Oireachtas Joint and Select Committees

Wednesday, 24 January 2024

Joint Oireachtas Committee on Jobs, Enterprise and Innovation

Regulatory and Legislative Changes Required for the Transposition of the Adequate Minimum Wages Directive: Discussion

Mr. Owen Reidy:

I worked in SIPTU for 18 years and we work very well with some employers but with a minority of employers there are multiple examples where we have tried to organise workplaces and the employer would insist on not having a union under any circumstances. They will use sophisticated tactics to isolate, marginalise, undermine and ultimately dismiss the person they see as the leader to try to cut the head off the snake so it falls apart. I have had much experience of that. It is very cheap to do that in Ireland because under unfair dismissals legislation, a worker gets one month's pay plus their loss of earnings. Therefore, if they find another job even if they have been found to have been dismissed, they can only get one month's pay. We are saying that for protected disclosures if whistleblowers are sacked, they can get up to five years' pay. Why should a workplace representative not get that? That legislative change can be done in line with national practice.

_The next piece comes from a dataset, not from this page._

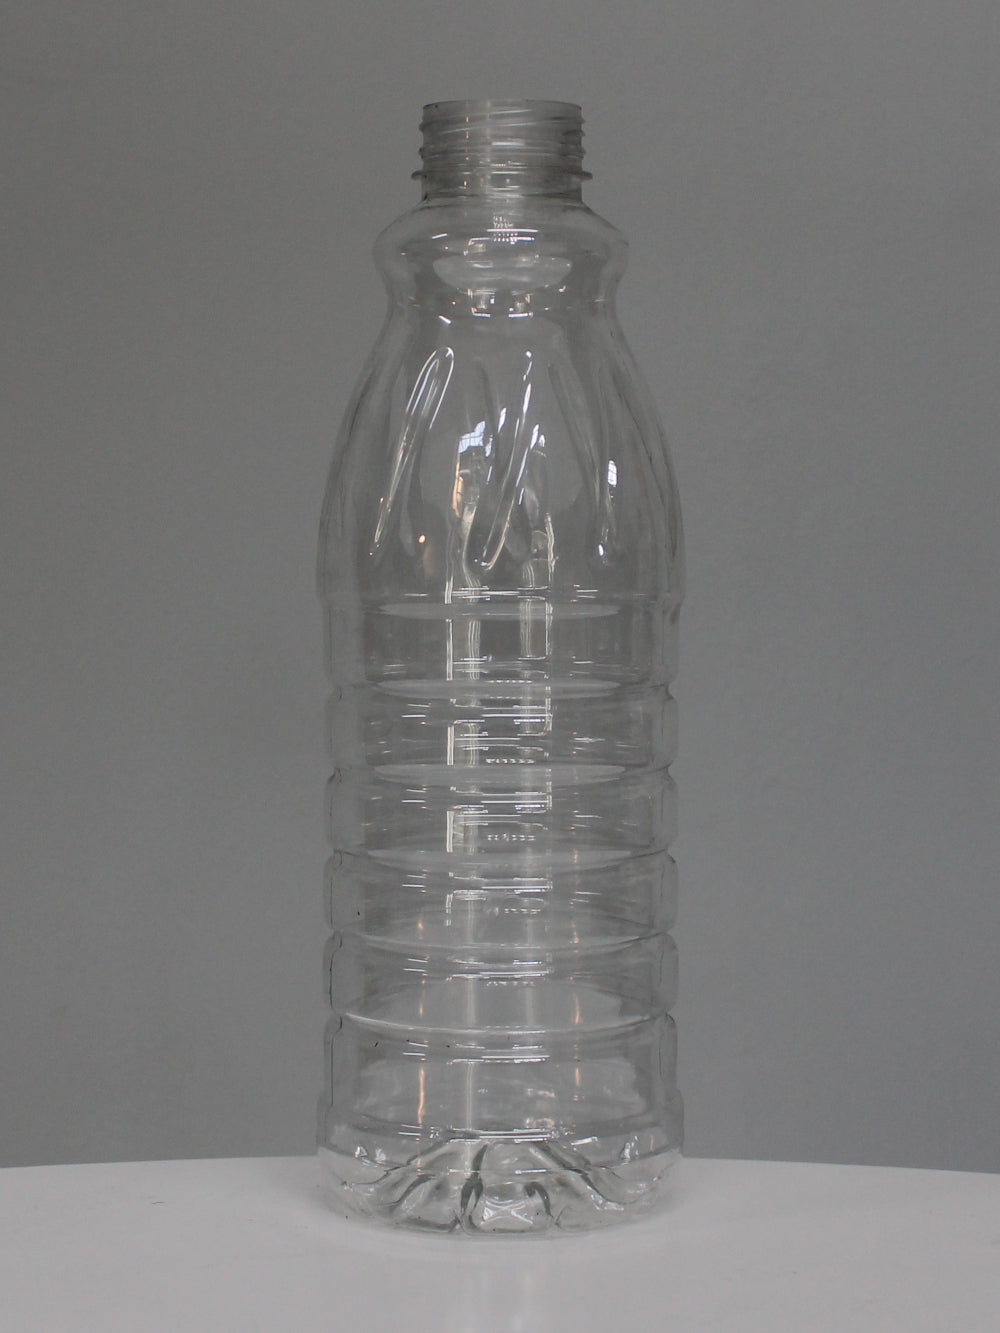 1Lt Classic Juice PET Bottle - (Pack of 50 units)

The Deputy asked about the Doherty report. My predecessor, Patricia King, and Maeve McElwee worked very closely and very hard on it. It is a very good and important report, but it has not been legislated for. The Department of Enterprise, Trade and Employment has been dragging its heels. That report was signed off by Cabinet in September 2022. We are now coming into February 2024. It is to take away the vehicle that employers have for joint labour committees. It is to provide for a mechanism of what is called good faith engagement. It is fairly simple legislation. Our legal adviser gave the Department of Enterprise, Trade and Employment draft legislation it could use. We have a meeting tomorrow with the Ministers and we will see where we are at. We see that report forming the action plan. First, there is the transposition of the directive. Second, there is the framework of enabling conditions. The third part of that jigsaw is the action plan. The Doherty report was concluded before the text of the directive was concluded. It cannot presuppose that that is the transposition of the directive, albeit some people might like that.